The reason why Alain and I were at the gym the full hour last Wednesday is quite ridiculous when I look at it now: we just didn't feel like going home then. It was just after this grueling practical exam in PE2 when I felt that sudden wave of grief rush through me - that alas!, the last class for the semester had finally concluded. I was thinking of those things that I would have regretted and the things that made me feel good that day. Then I was thinking that it's finally over, the long and winding first year at college that never seemed to end.

There is an ominous foretelling of the future, one that neither Alain nor I could see. One of us is going to get in, I'm sure of it. And I am more than certain that it isn't going to be me. I wish it were me, but that's never going to happen because someone deserves it more than I do. We sat there on the bleachers, just talking about what we plan to do with our lives after all this, and about the people that we've met and will most probably miss, and all the good things and bad things, all the while trying to refrain from the very topic that terrify us.
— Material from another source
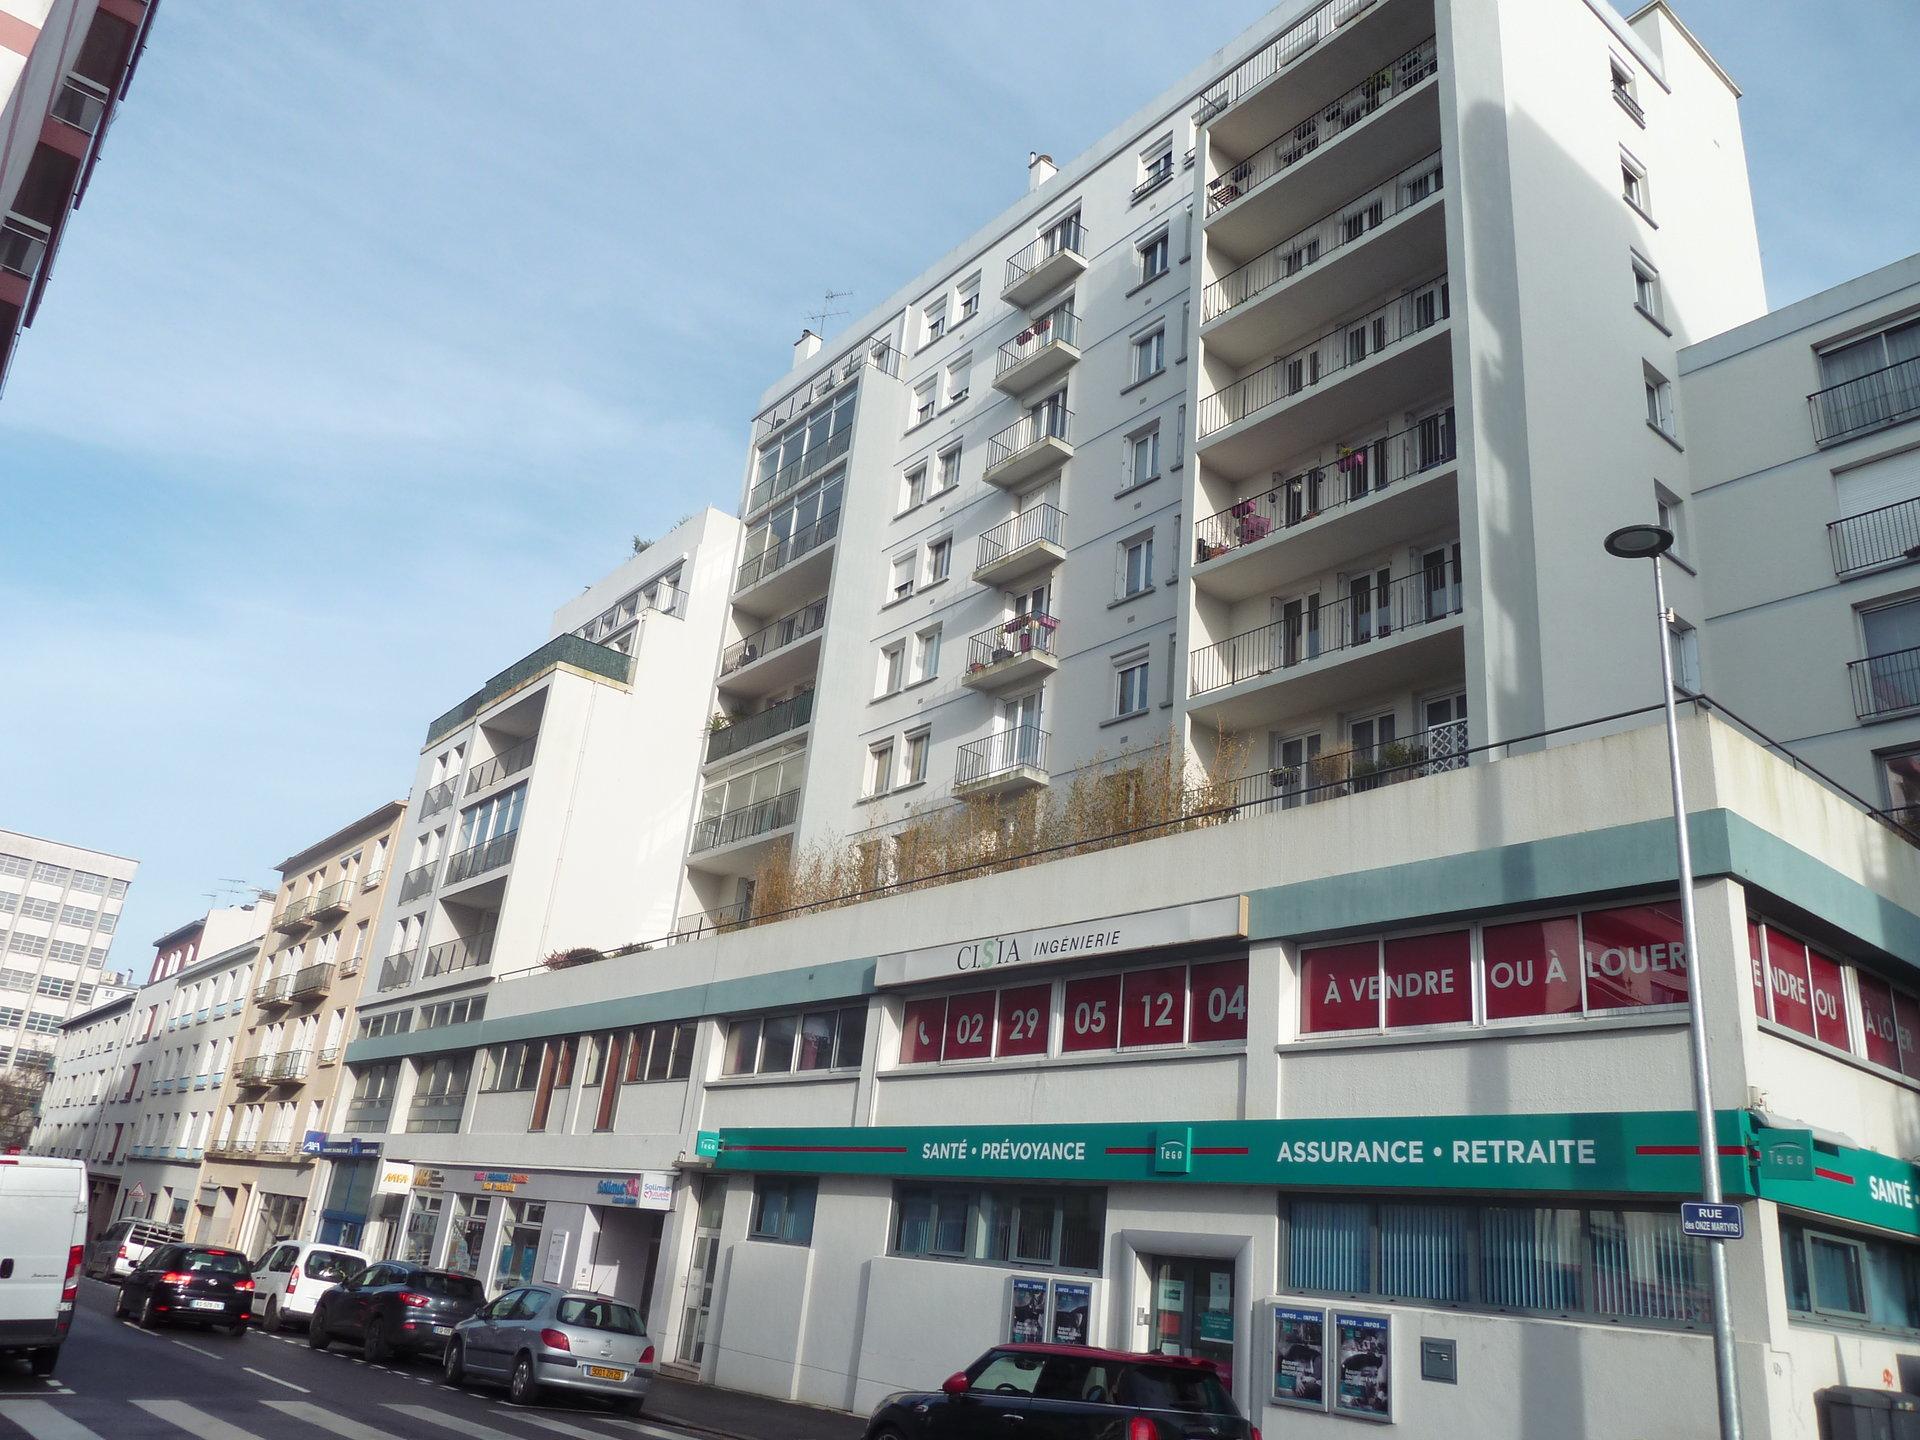 APPARTEMENT T5 - 115m2- CENTRE VILLE - ASCENSEUR - PARKING

It was a sad day. But when I think about it, that was the best sad day. Because, I was thinking nonstop and was just trying to figure things out for the sake of friendship. Will we ever get out? And if we do, will we ever see each other again?

I don't think I can do much justice for last Wednesday, the beauty of it, or lack thereof. The sound of sneakers thudding on the gymnasium floor. The unease of having to wear a dress for PE class. Waiting for six o' clock before we decide to leave, the lights closing down on us, the short walk to the dormitory. There's so much heaviness and confusion in everything. It wasn't happy. It was sad. It was the best sad day.